Below this line are records; transcribe exactly the lines between the one holding "Ezra Hardman, M.A., of" and the one holding "Beginners Guide To", inclusive, and omit the pictures.
------ Data shown ------
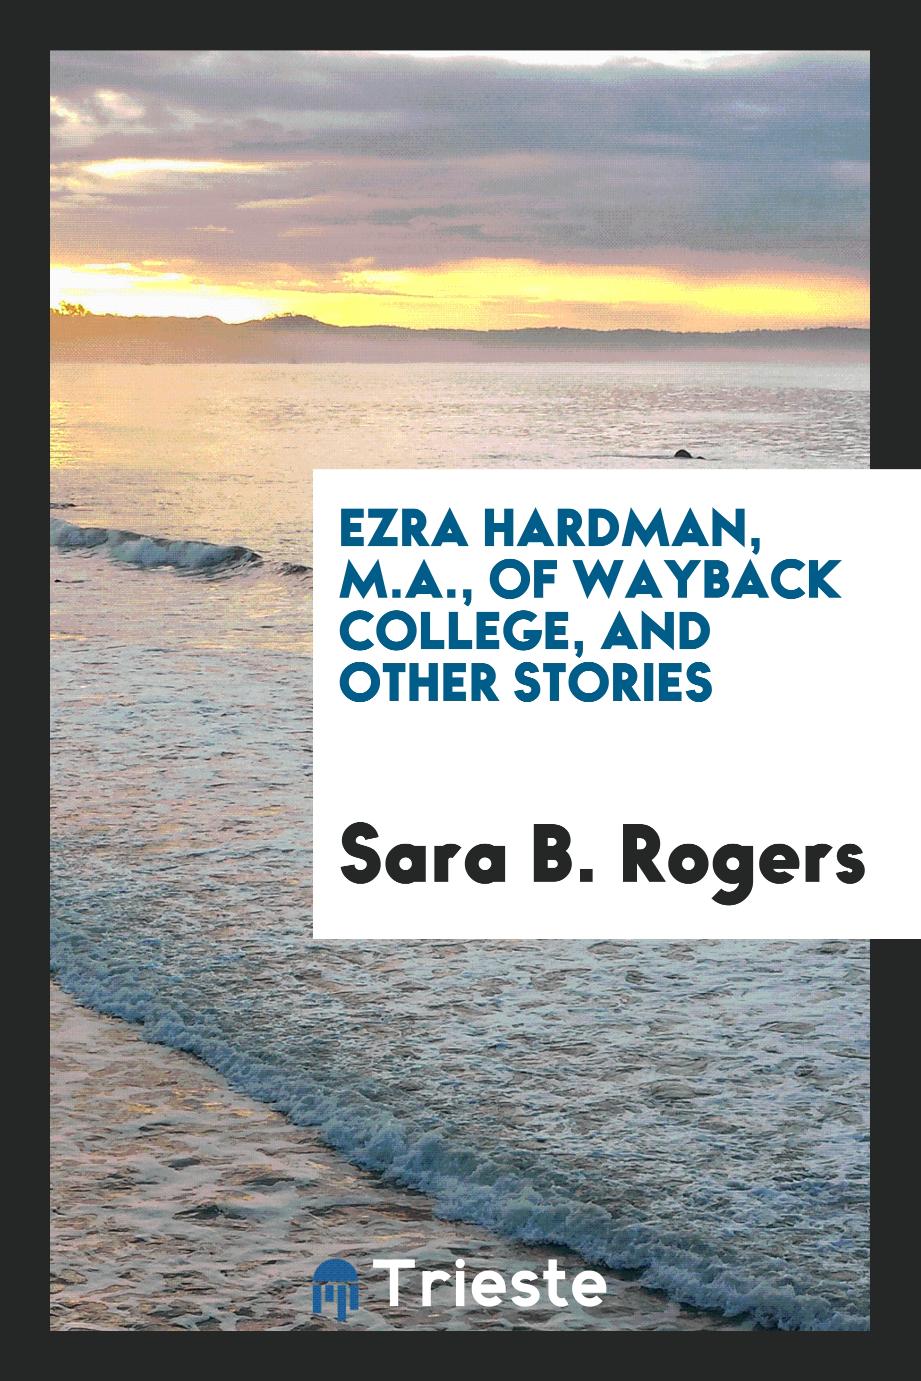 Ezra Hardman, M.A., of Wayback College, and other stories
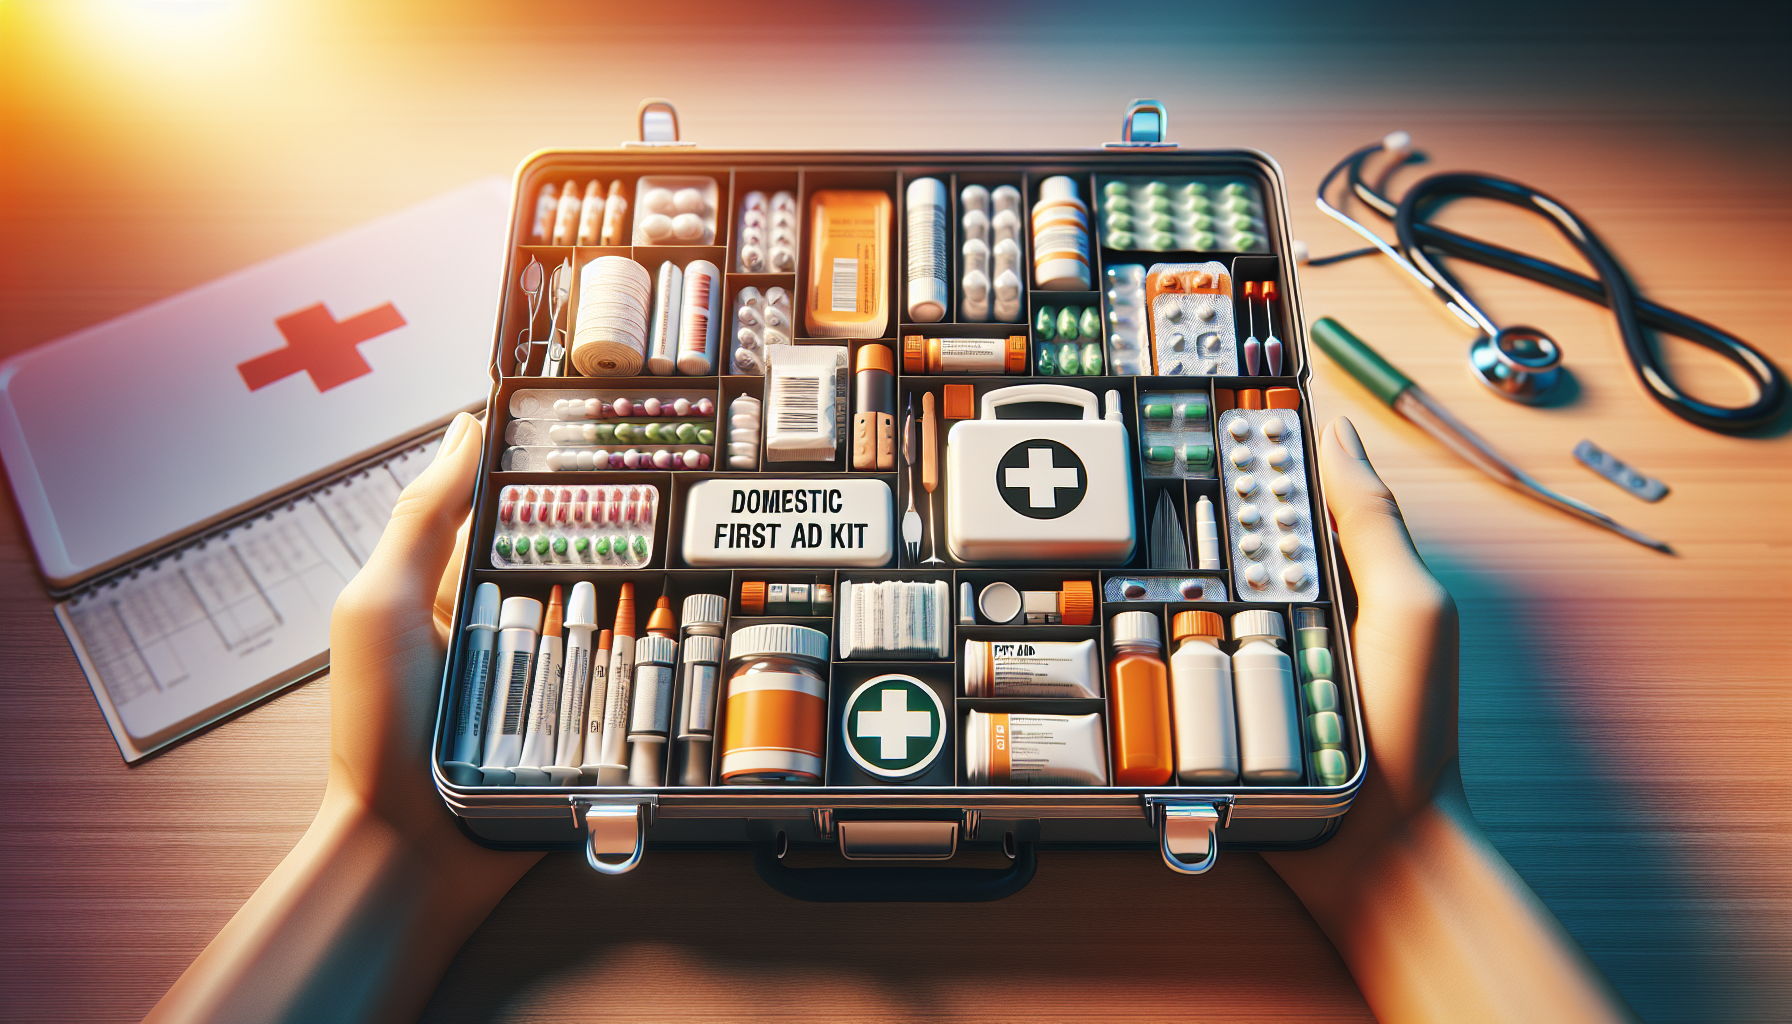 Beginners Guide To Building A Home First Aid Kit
------
------ Data shown ------
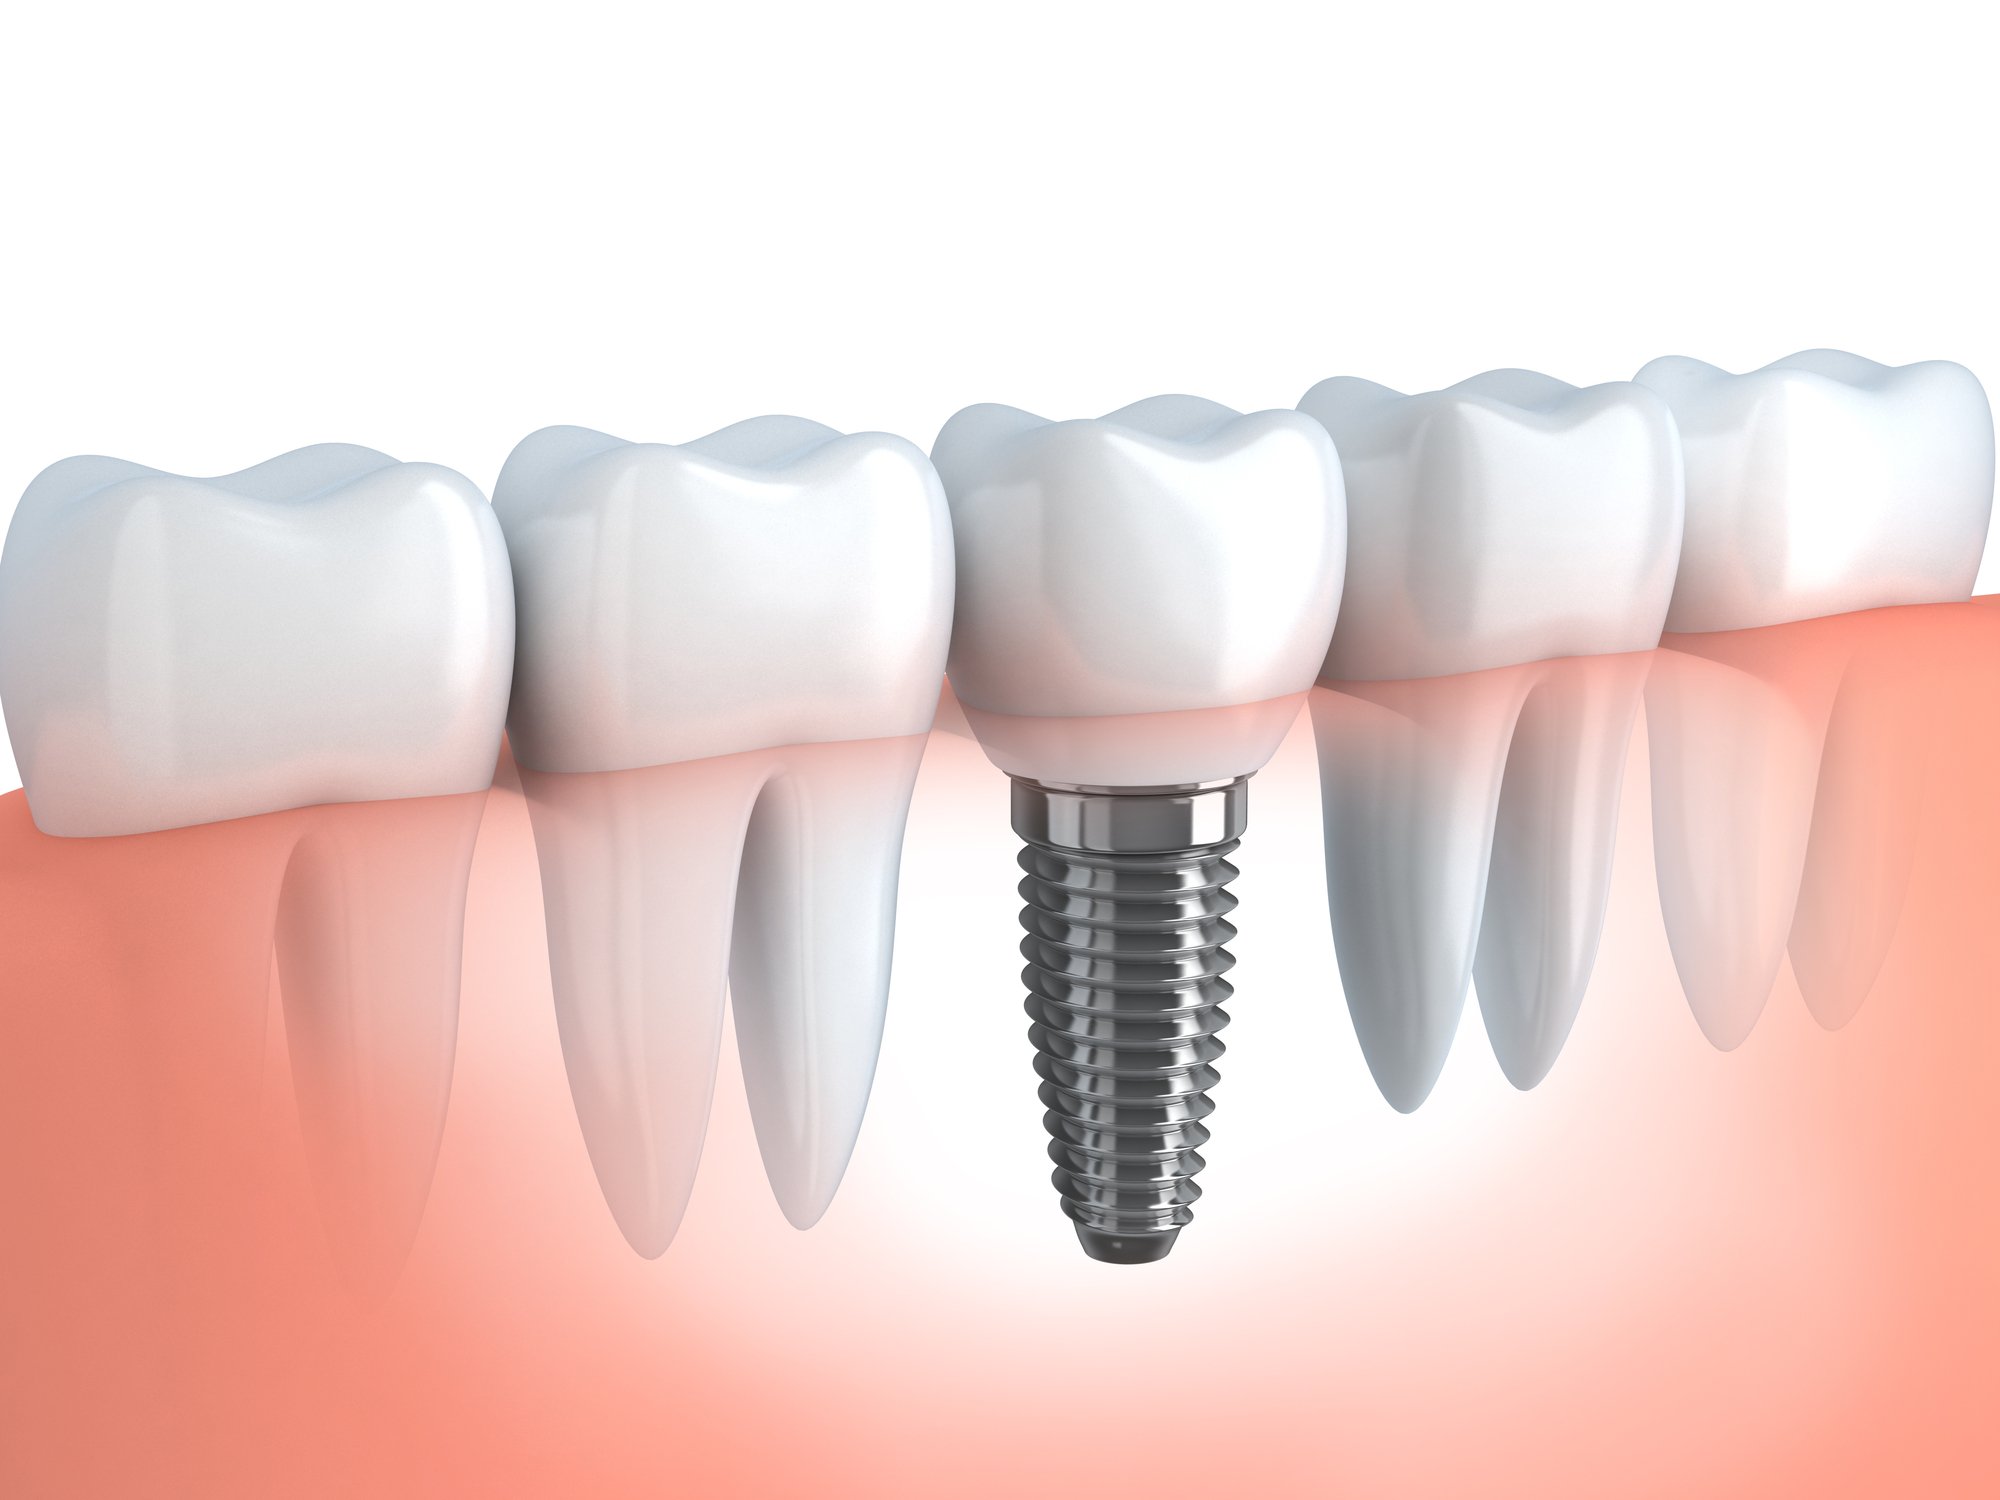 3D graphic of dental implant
------
------ Data shown ------
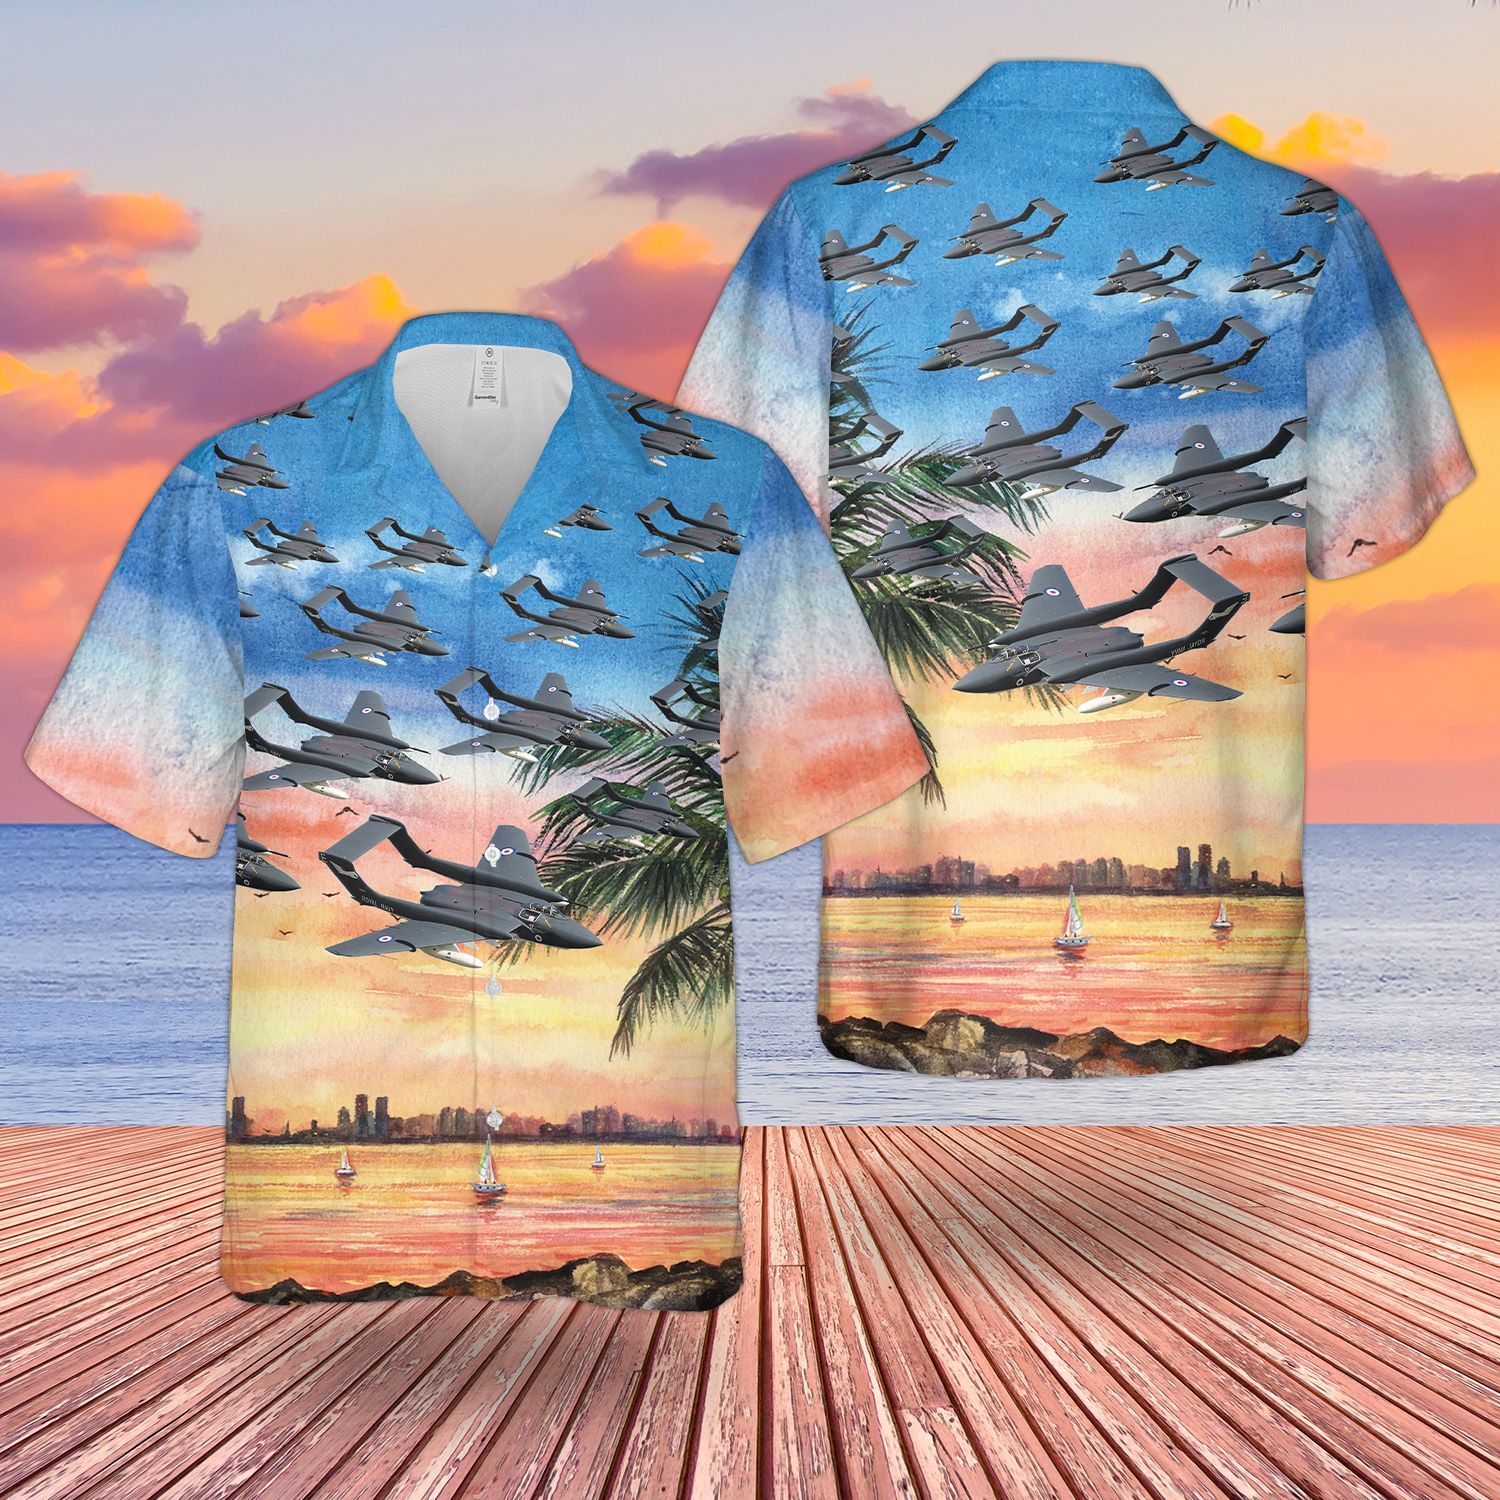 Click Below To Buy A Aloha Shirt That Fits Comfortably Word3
------
**Exercise solution**
 Ezra Hardman, M.A., of Wayback College, and other stories
 Beginners Guide To Building A Home First Aid Kit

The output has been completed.